Afterwards he and Stamp attend a meeting with attorney Allen Klein on a yacht in the Hudson River. Klein is then partnered with Andrew Loog Oldham, manager of The Rolling Stones, who is also on the yacht during the meeting, but remains on the other side of the craft, feigning lack of interest. Klein wants to propose a scheme to get The Who out of their current difficulties over the lawsuit with their former producer Shel Talmy that has stymied their efforts to move to the Reaction label in the U.K. and the Atco label in the U.S. Klein leads Pete to understand that the Talmy troubles will end only if he fires Lambert and Stamp and lets Klein and Loog-Oldham run The Who. Pete instead gives Stamp authority to represent him in the negotiations and leaves to make a gig on the 29th at the University of Sheffield. Klein pays for Pete's first class ticket back home.
While in New York, Stamp, with the help of Klein, makes a deal with Decca Records for The Who to return to the label. The Who get a £17,000 advance, 10% royalties from their U.S. releases and the ability to act as free agents in the rest of the world. The lawsuit by Talmy remains unsettled but is now confined to the United Kingdom. Klein somehow ends up with a piece of Pete's song publishing rights, a fact Pete doesn't discover until eleven years later.

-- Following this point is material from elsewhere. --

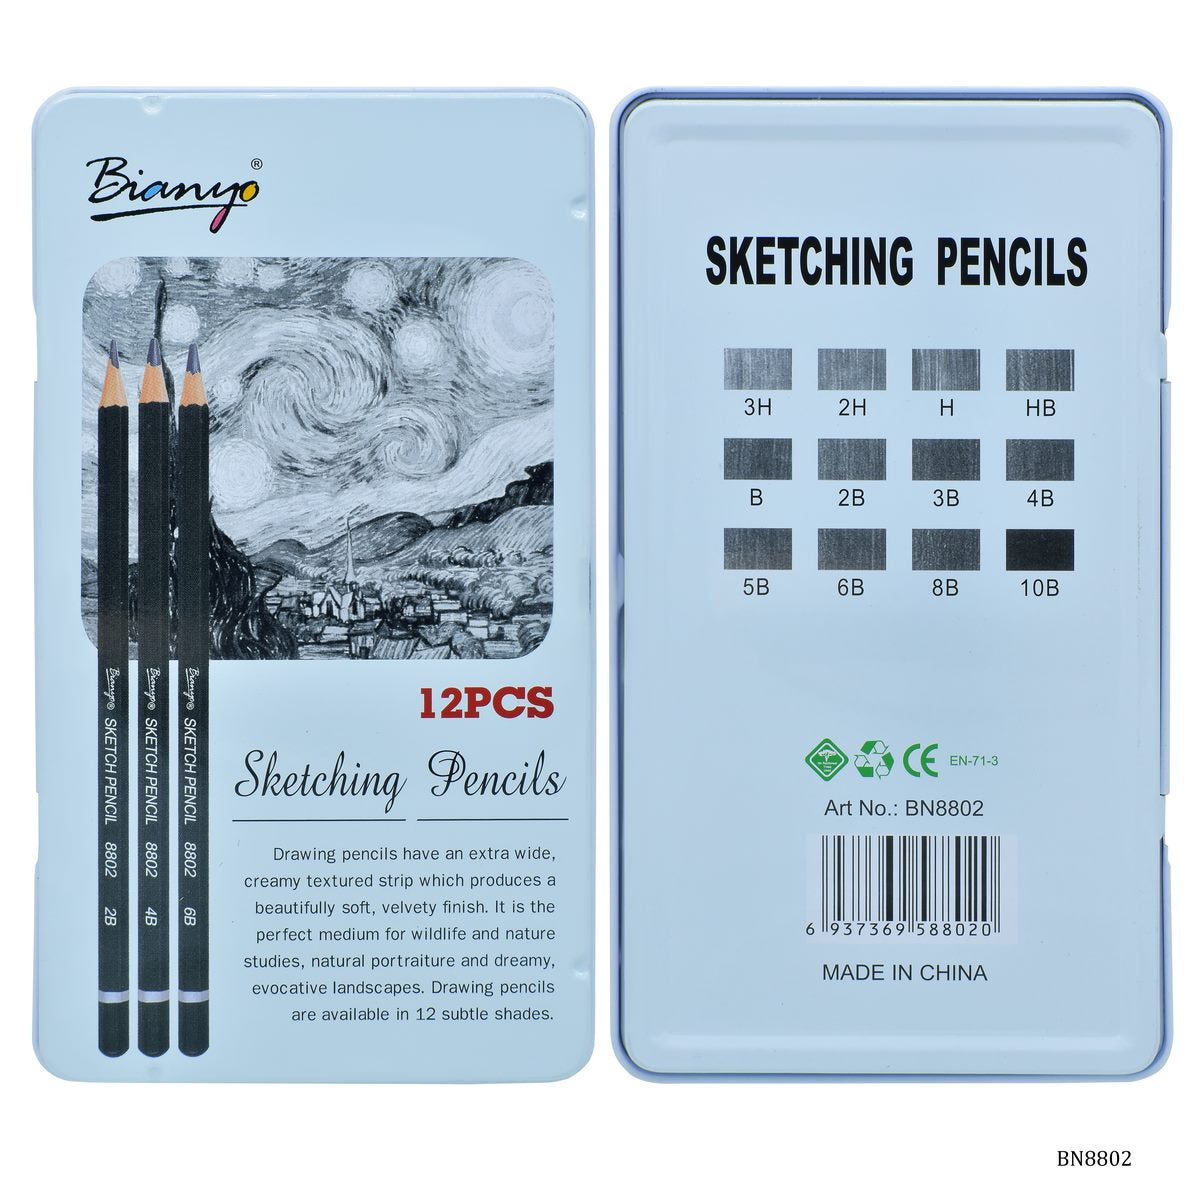 jags-mumbai Sketching Pencil Sketching Pencil 12 Pcs Set Matal Box

Despite the first class accommodations, Pete arrives in London with jet lag that forces him to pull over to the side of the M1 and take a nap. That night's Who concert is cancelled. Support group Tony Rivers and The Castaways fill in.
June 1956 (60 years ago)
New records: "Que Sera, Sera (Whatever Will Be, Will Be)" - Doris Day; "Whole Lot of Shakin' Going On" - Jerry Lee Lewis; "My Prayer" - The Platters; "Rip It Up"/"Ready Teddy" - Little Richard
Eleven-year old Pete spends the summer on the Isle of Man where his dad is playing with The Squadronaires at the Palace Ballroom.